Build an LLM Twin: Part 2 - Scraping Your Digital Self
Part 2: Scraping Your Digital Self
Welcome back to Science Church! Today we're collecting the data that becomes your AI twin.
What We're Building
A Python scraper that collects:
- ✅ Your LinkedIn posts
- ✅ Your tweets/X posts
- ✅ Your Medium articles
- ✅ Your blog posts
Output: data/raw/your_writing.json (ready for Part 3)
The Game Plan
Step 1: LinkedIn Posts (Selenium)
LinkedIn blocks simple scrapers.
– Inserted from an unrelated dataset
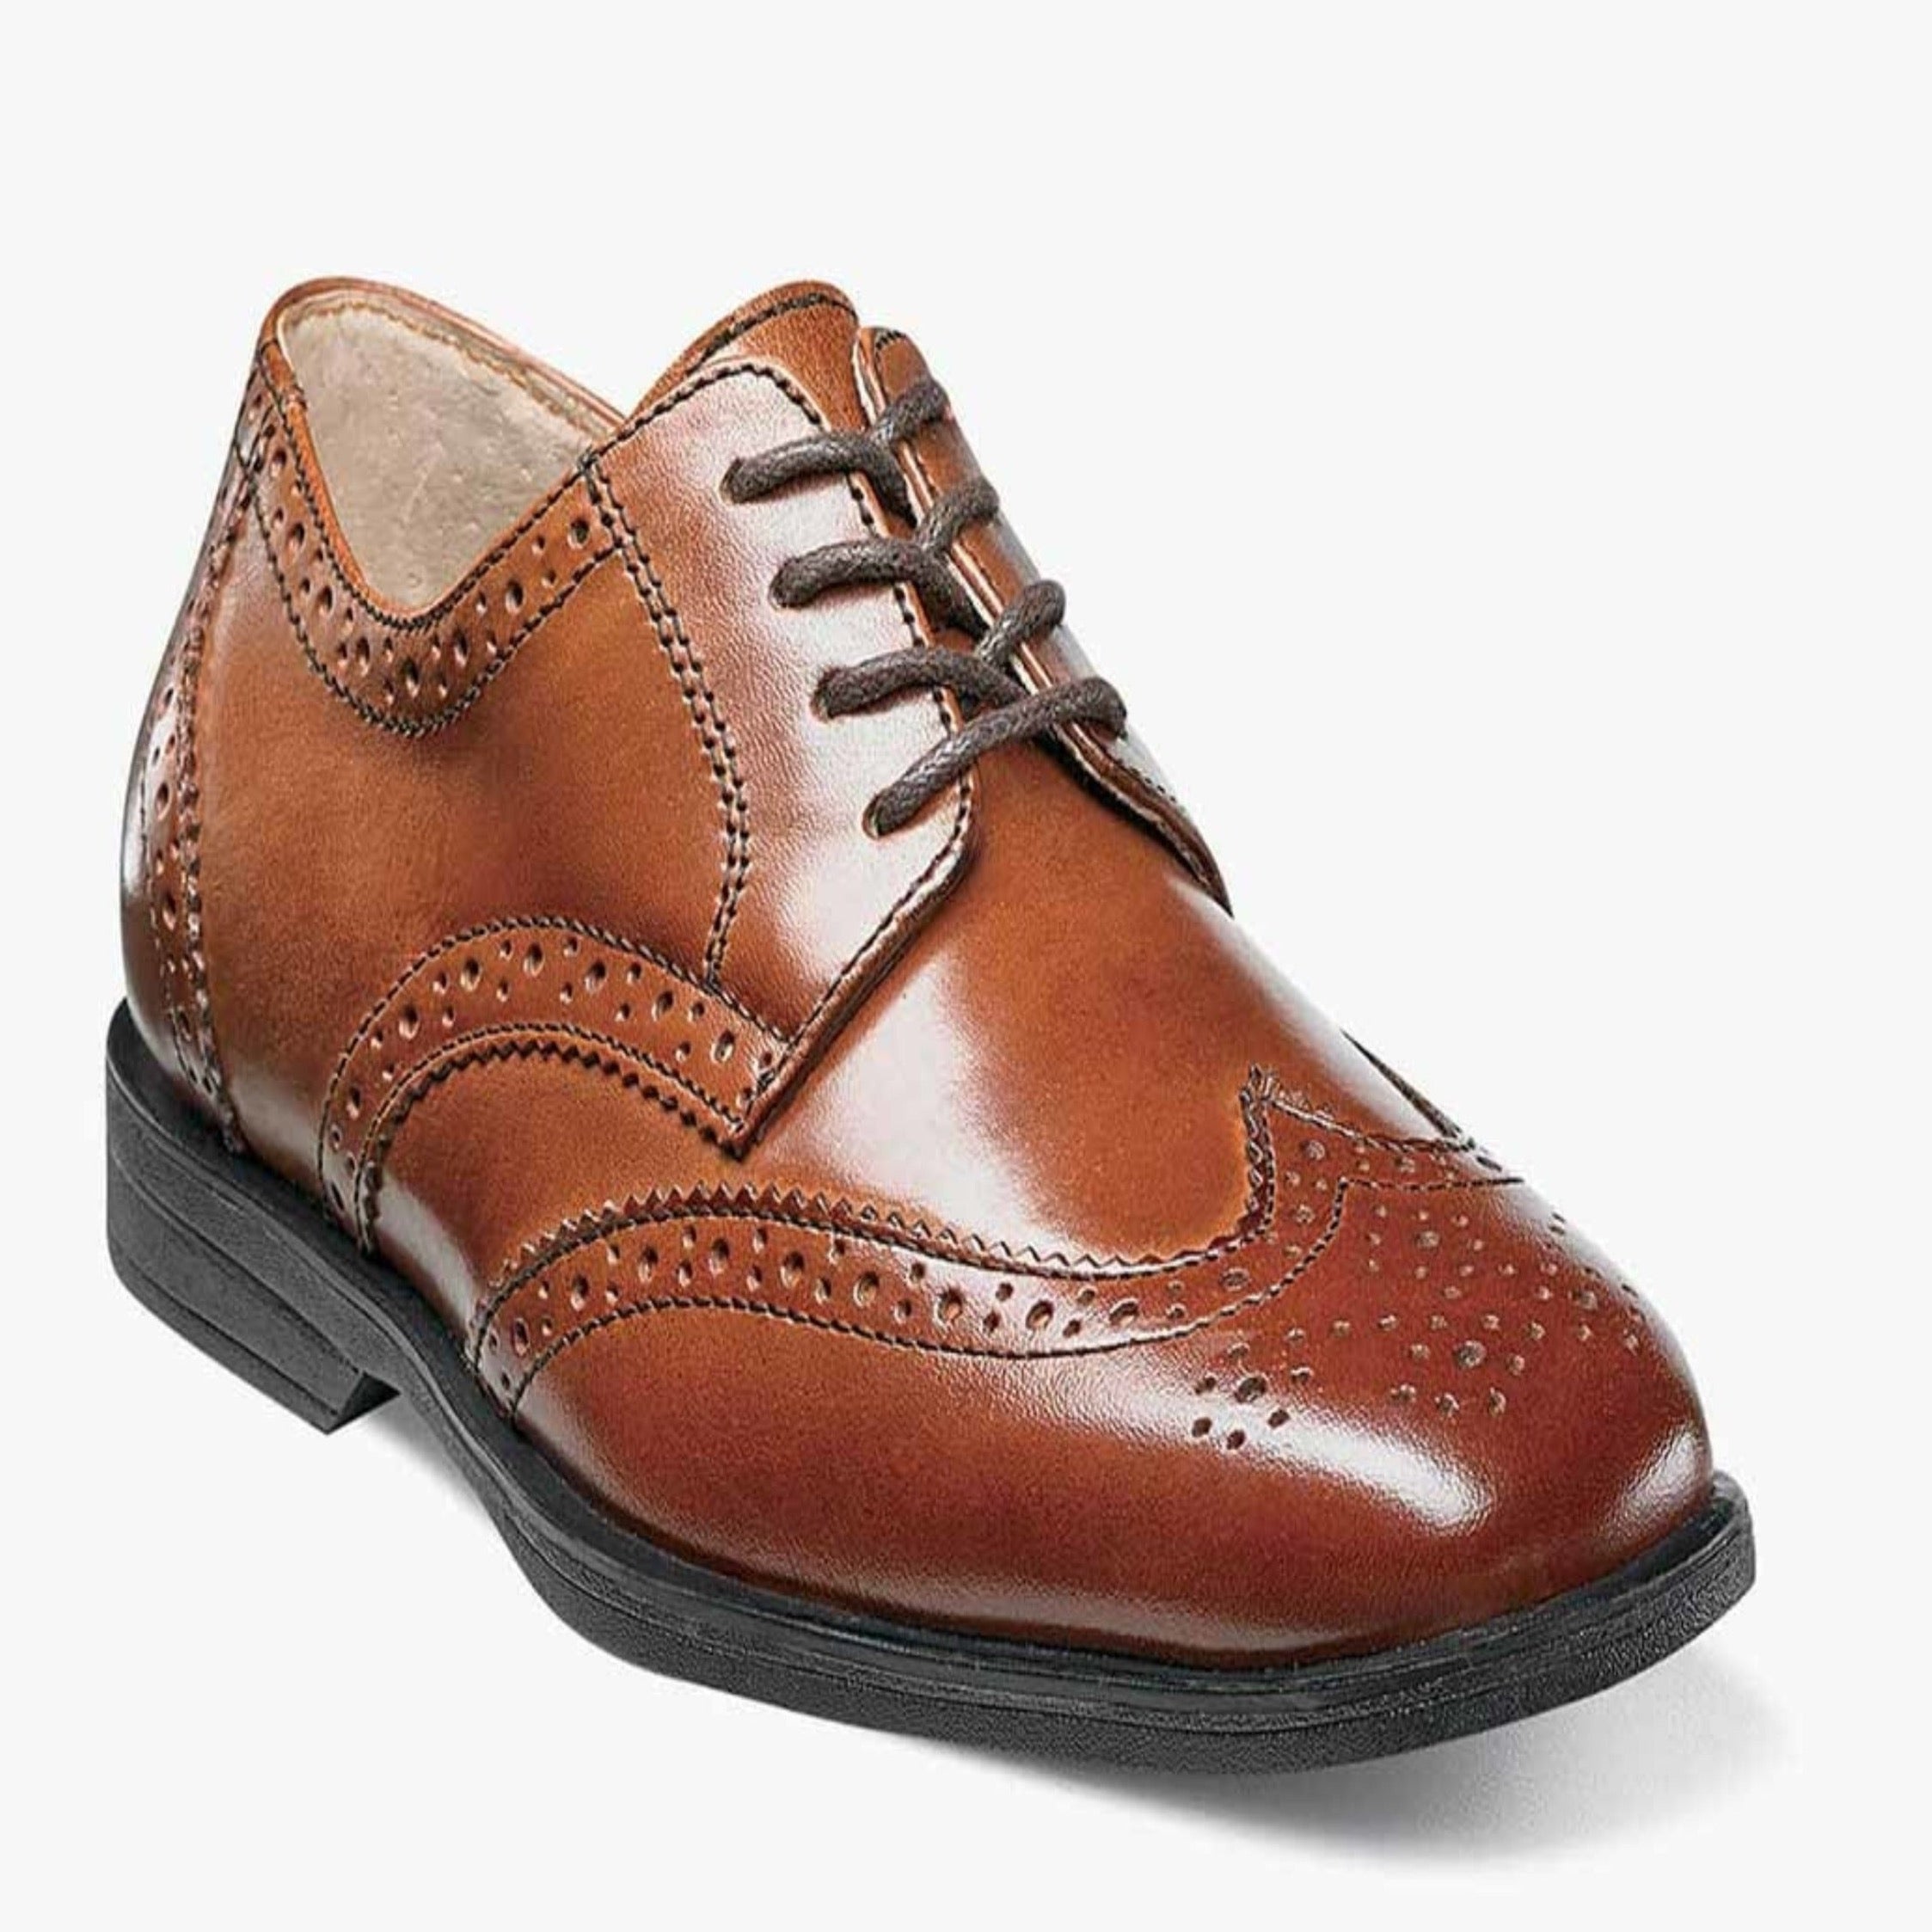 Reveal Cognac Wingtip Shoe

We need a real browser.
from selenium import webdriver
from selenium.webdriver.common.by import By
import time
import json
driver = webdriver.Chrome()
driver.get('https://www.linkedin.com/login')
# Manual login (handle 2FA if needed)
input("Log in, then press Enter...")
# Navigate to your posts
driver.get('https://www.linkedin.com/in/YOUR-PROFILE/recent-activity/all/')
time.sleep(3)
# Scroll to load more posts
for _ in range(10):
driver.execute_script("window.scrollTo(0, document.body.scrollHeight);")
time.sleep(2)
# Extract posts
posts = driver.find_elements(By.CSS_SELECTOR, '.feed-shared-update-v2__description')
data = []
for post in posts:
text = post.text
if len(text) > 50: # Filter out short posts
data.append({
'platform': 'linkedin',
'text': text,
'type': 'post'
})
# Save
with open('data/raw/linkedin.json', 'w') as f:
json.dump(data, f, indent=2)
print(f"Collected {len(data)} LinkedIn posts!")
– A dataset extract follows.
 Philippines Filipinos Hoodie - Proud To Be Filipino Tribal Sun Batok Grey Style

Run time: 2-3 minutes for 50+ posts
Step 2: Twitter/X Posts (API or Scraper)
Option A: Official API (requires paid access now)
Option B: Snscrape (free, no API needed)
pip install snscrape
import snscrape.modules.twitter as sntwitter
tweets = []
for tweet in sntwitter.TwitterSearchScraper(f'from:{YOUR_USERNAME}').get_items():
if len(tweets) >= 1000: # Get last 1000 tweets
break
tweets.append({
'platform': 'twitter',
'text': tweet.rawContent,
'date': tweet.date.isoformat()
})
with open('data/raw/twitter.json', 'w') as f:
json.dump(tweets, f, indent=2)
Run time: 30 seconds for 1000 tweets
Step 3: Medium Articles (RSS Feed)
Medium has RSS! No scraping needed.
import feedparser
import requests
# Your Medium RSS feed
feed_url = f'https://medium.com/feed/@{YOUR_USERNAME}'
feed = feedparser.parse(feed_url)
articles = []
for entry in feed.entries:
# Get full article content
response = requests.get(entry.link)
# Parse HTML (simplified)
text = extract_text_from_html(response.text)
articles.append({
'platform': 'medium',
'title': entry.title,
'text': text,
'url': entry.link,
'date': entry.published
})
with open('data/raw/medium.json', 'w') as f:
json.dump(articles, f, indent=2)
Step 4: Combine Everything
import json
import glob
all_data = []
# Load all JSON files
for file in glob.glob('data/raw/*.json'):
with open(file) as f:
data = json.load(f)
all_data.extend(data)
# Deduplicate
seen = set()
unique_data = []
for item in all_data:
text_hash = hash(item['text'][:100]) # Hash first 100 chars
if text_hash not in seen:
seen.add(text_hash)
unique_data.append(item)
# Save combined dataset
with open('data/raw/combined.json', 'w') as f:
json.dump(unique_data, f, indent=2)
print(f"Total unique writings: {len(unique_data)}")
Data Quality Tips
1. Minimum length Filter out posts < 50 characters. "Thanks!" isn't useful training data.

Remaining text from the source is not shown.